» DESCRIPTION OF THE TASK
Once the line containing "Macaroni cupcake delights" is found in the material below, it and every line after it should be transcribed exactly, with pictures left out and nothing added.

» PROVIDED MATERIAL
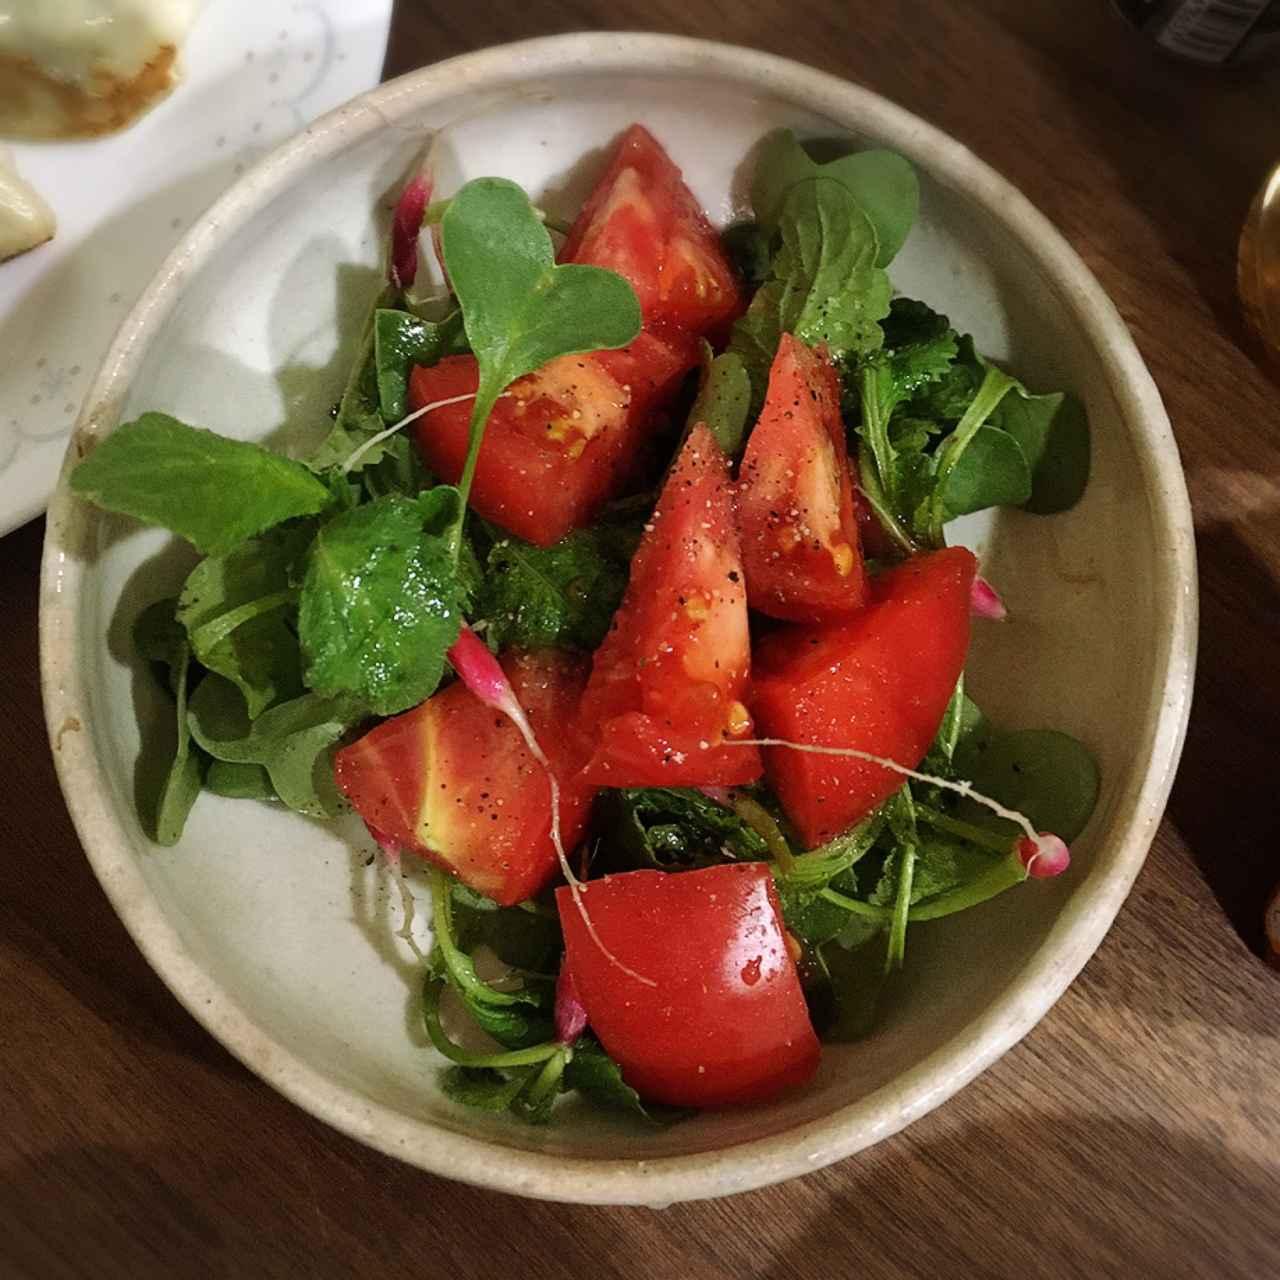 画像: 筆者撮影 シンプルにオリーブオイルと塩胡椒でいただきました。
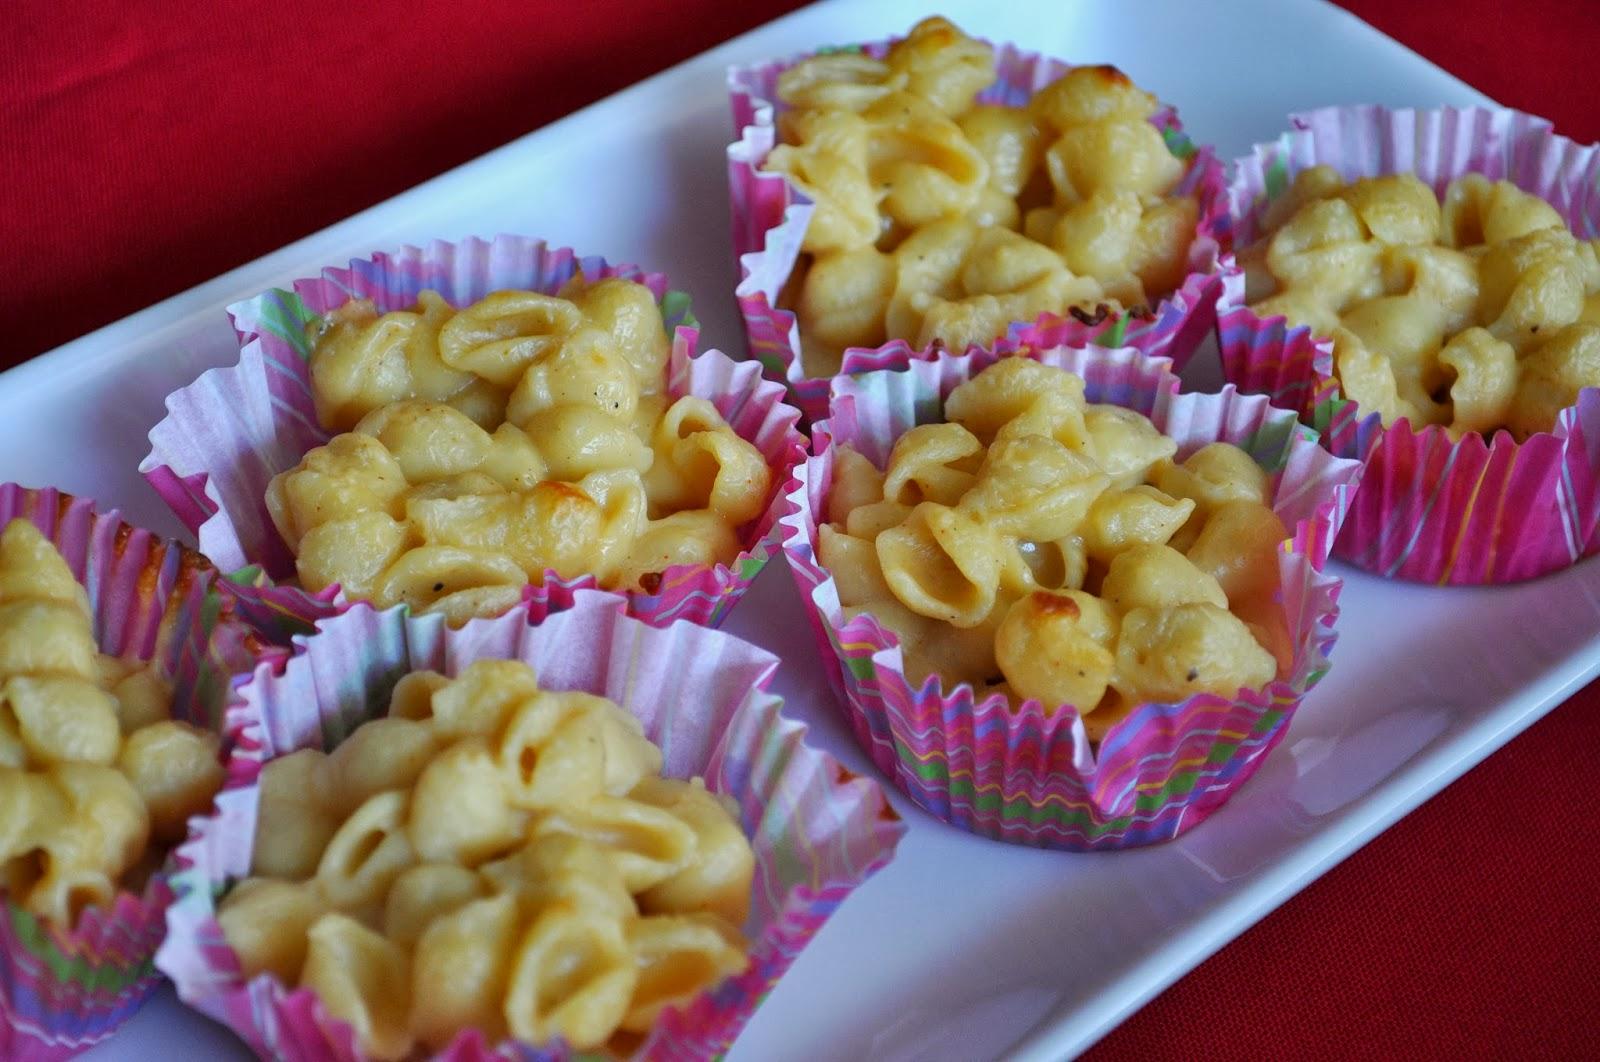 Macaroni cupcake delights
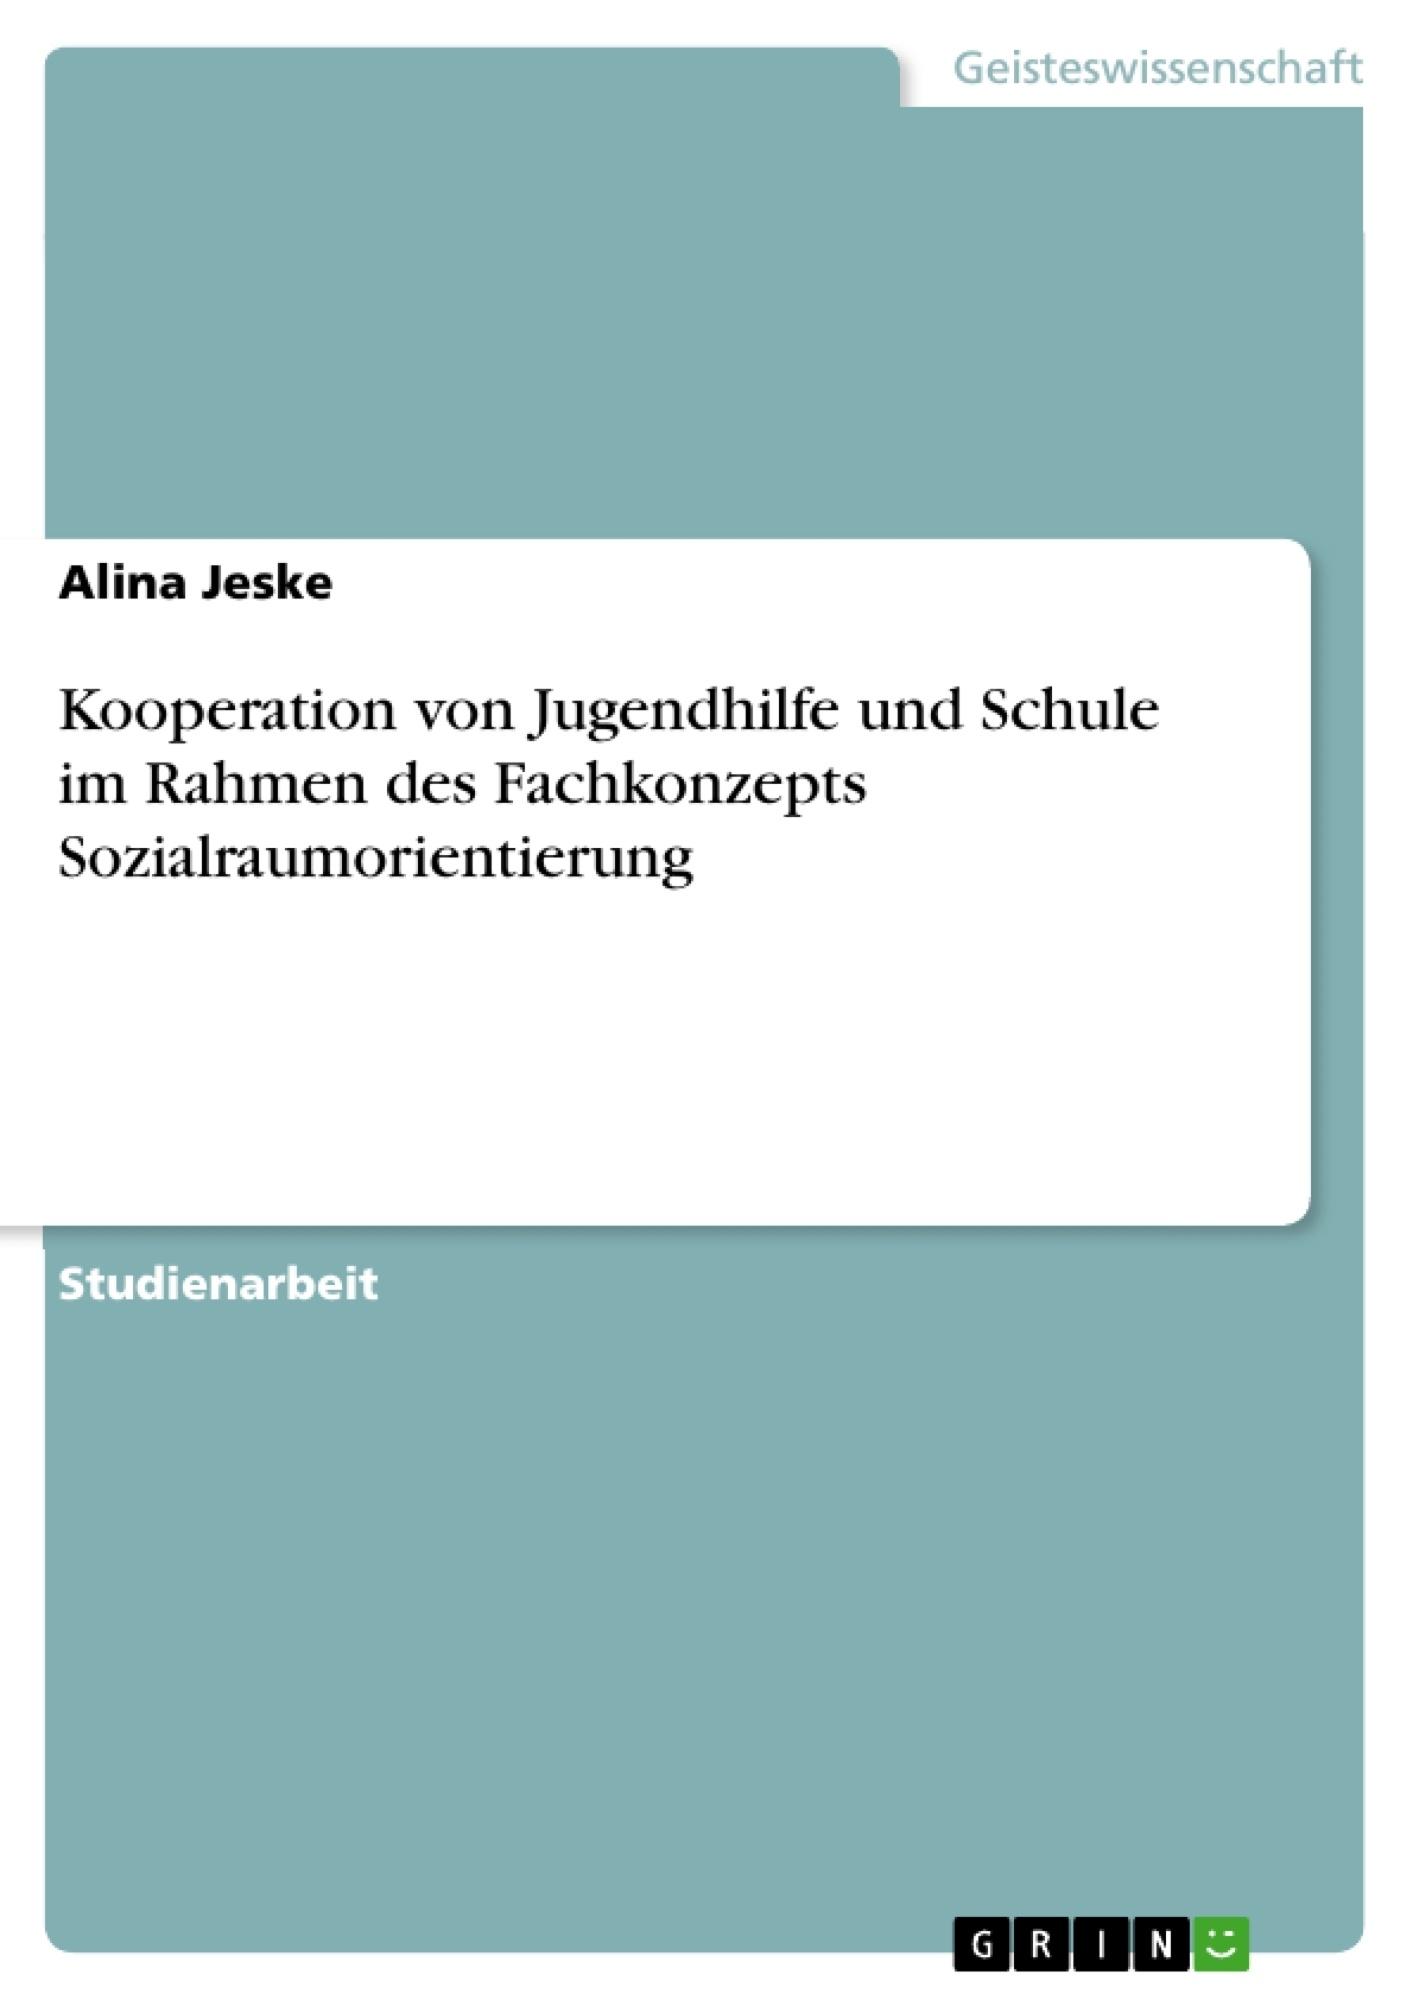 Titel: Kooperation von Jugendhilfe und Schule im Rahmen des Fachkonzepts Sozialraumorientierung
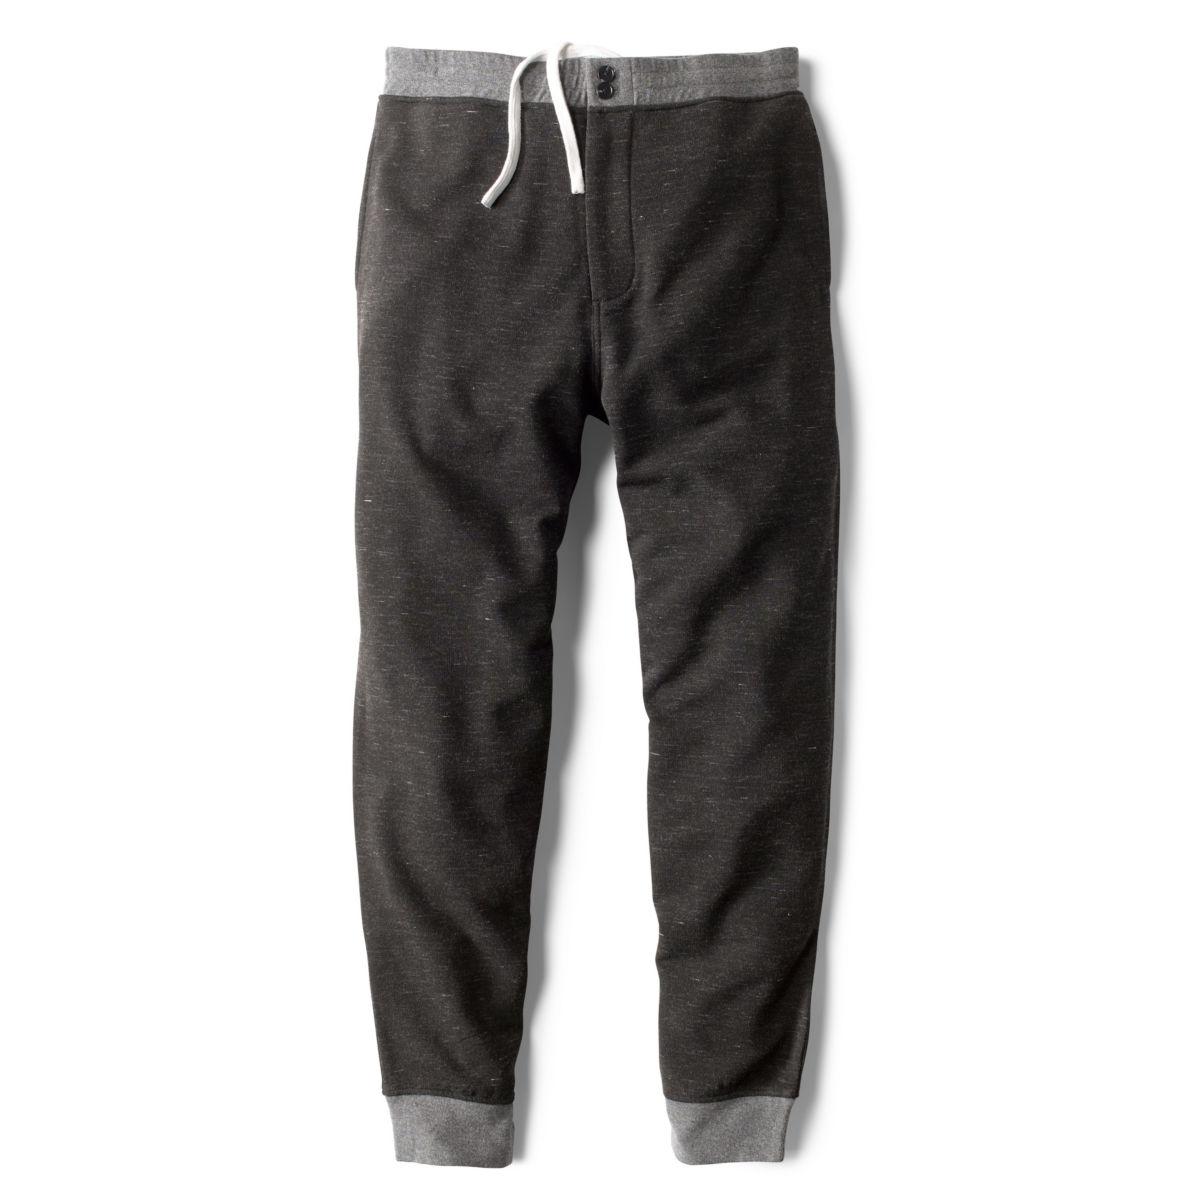 Sunriser Drawstring Pants - DARK CHARCOALimage number 0

» RESULT FOR THIS TASK
 Macaroni cupcake delights
 Titel: Kooperation von Jugendhilfe und Schule im Rahmen des Fachkonzepts Sozialraumorientierung
 Sunriser Drawstring Pants - DARK CHARCOALimage number 0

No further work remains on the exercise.